→ Directions:
Write out exactly the lines below starting at the one containing "人気のポップ系コンセプトムービーBGMの未再生の波形" and ending at the one containing "MelloSweet_PinterestPinPinterest_Green Goddess Honeydew". Omit every picture.

→ Exercise input:
= = = =
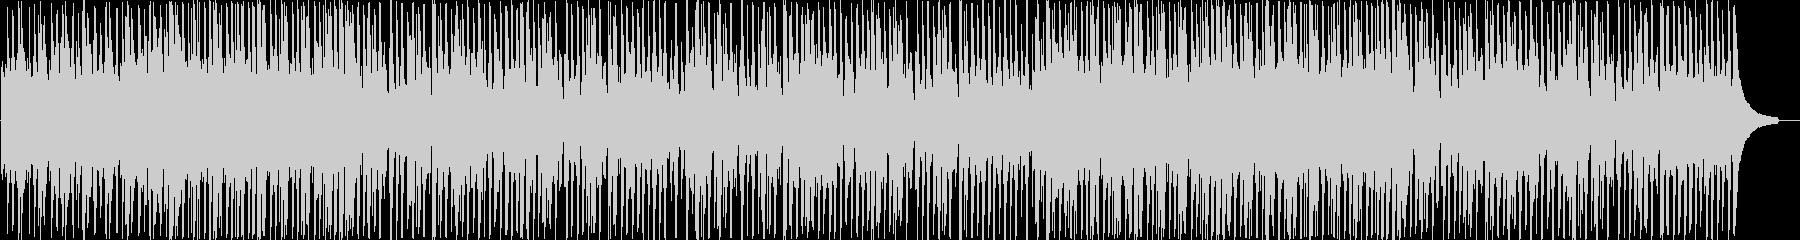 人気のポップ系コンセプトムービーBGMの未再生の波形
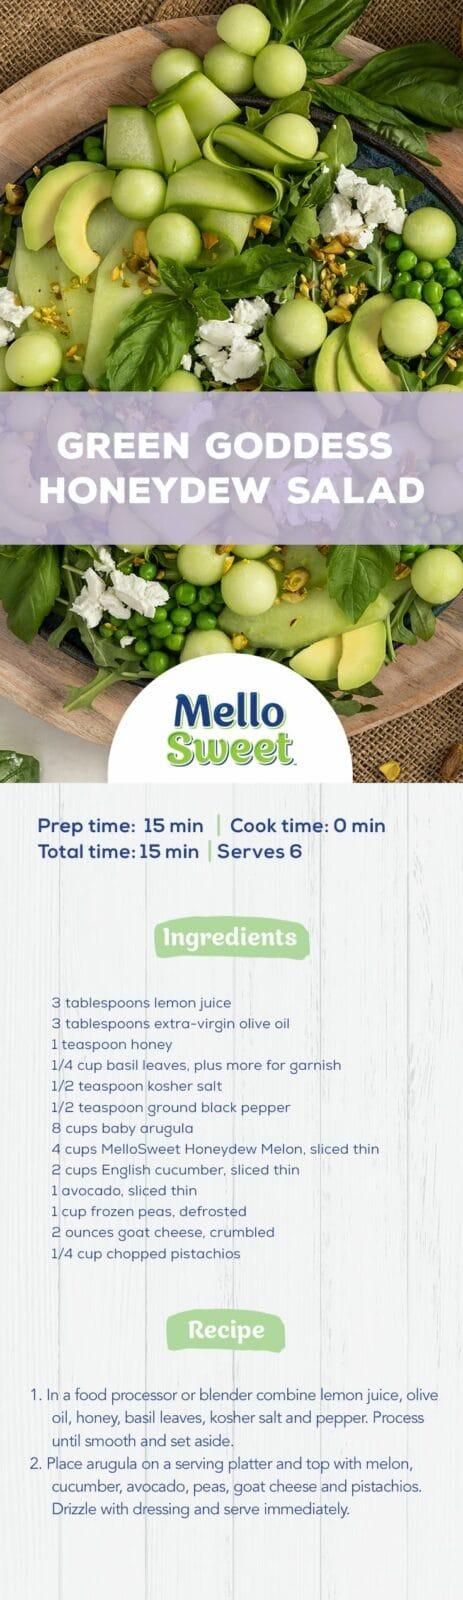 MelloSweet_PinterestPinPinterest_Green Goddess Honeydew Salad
= = = =
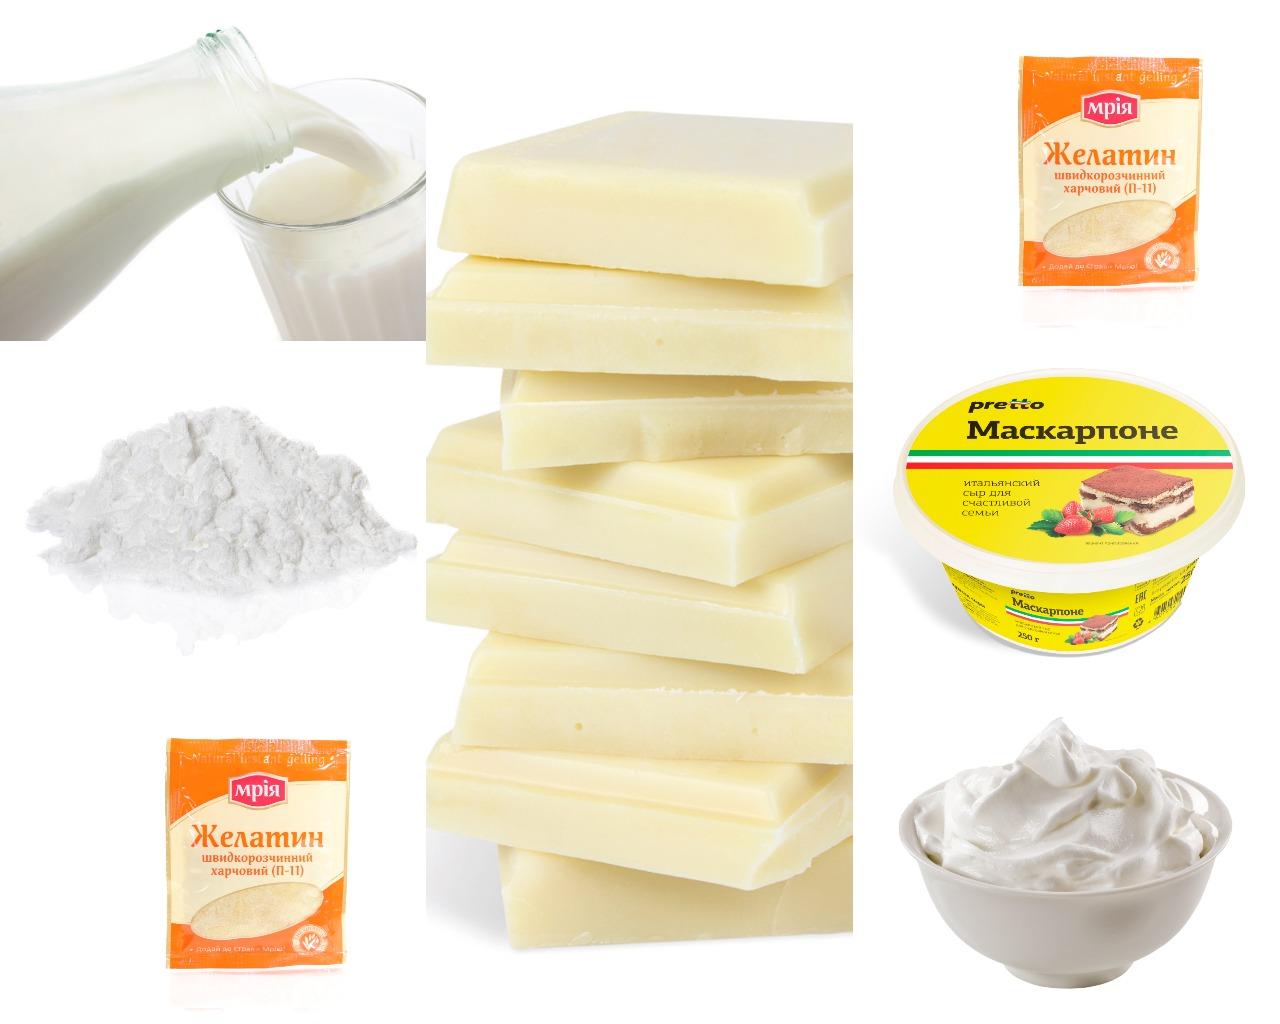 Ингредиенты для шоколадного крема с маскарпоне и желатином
= = = =
→ Solution for this exercise:
 人気のポップ系コンセプトムービーBGMの未再生の波形
 MelloSweet_PinterestPinPinterest_Green Goddess Honeydew Salad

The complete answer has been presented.